HONG KONG, Jan 17 (Reuters) - China shares sank to their lowest in 5-1/2 months on Friday, as the resumption of initial public offerings sapped already-limited liquidity and fears of a possible trust product default rose.
Neway Valve (Suzhou) Co Ltd surged more than 40 percent in Shanghai, tripping circuit breakers meant to contain price gains in the first listing debut in the mainland in more than a year.
The CSI300 of the biggest Shanghai and Shenzhen A-share listings ended down 1.5 percent on the day and 1.2 percent for the week at 2,178.5 points, its lowest since July 29. The Shanghai Composite Index shed 0.9 percent on Friday and 0.4 percent this week.
In contrast, the ChiNext Composite Index of mainly technology startups listed in Shenzhen soared 4.1 percent this week.
This week’s Shanghai losses came in muted volume as China’s money rates jumped with liquidity conditions deteriorating ahead of the Lunar New Year holiday, when cash demand rises.
With more than 700 initial public offering applications in the pipeline and more than 50 approved, investors are worried new listings will divert limited funds from the large caps making up market indexes.
Illustrating the strong demand for new IPOs, Yangzhou Yangjie Electronic said its IPO was 72.3 times oversubscribed in the tranche of shares it offered online. Jiangsu Pacific Quartz became the latest to postpone its planned Shanghai IPO as the securities regulator stepped up supervision over IPO pricings.

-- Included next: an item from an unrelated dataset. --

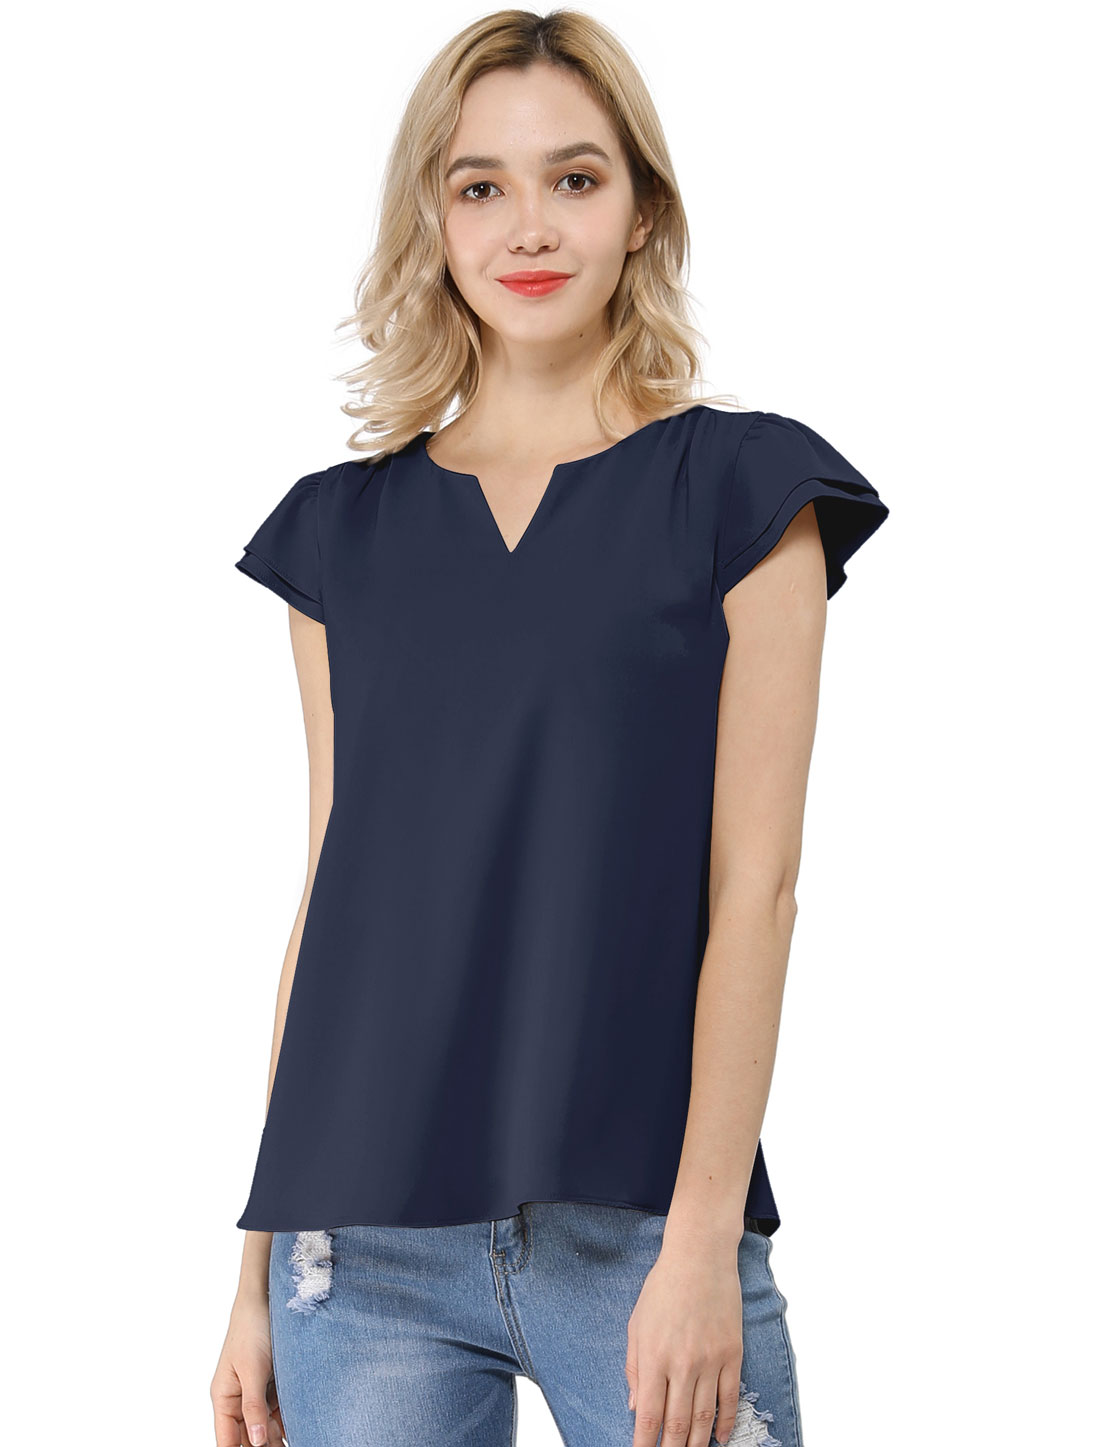 Allegra K Women's Work Business Casual Cap Sleeve Blouse Dark Blue L

Concerns about off-balance sheet issues have risen in the past week, hurting bank shares.
The trust firm responsible for a troubled high-yield investment product sold through China’s largest banks has warned investors they may not be repaid when the 3 billion-yuan ($496 million) product matures on Jan. 31, the official China Securities Journal reported on Friday. (Reporting by Clement Tan; Editing by Richard Borsuk)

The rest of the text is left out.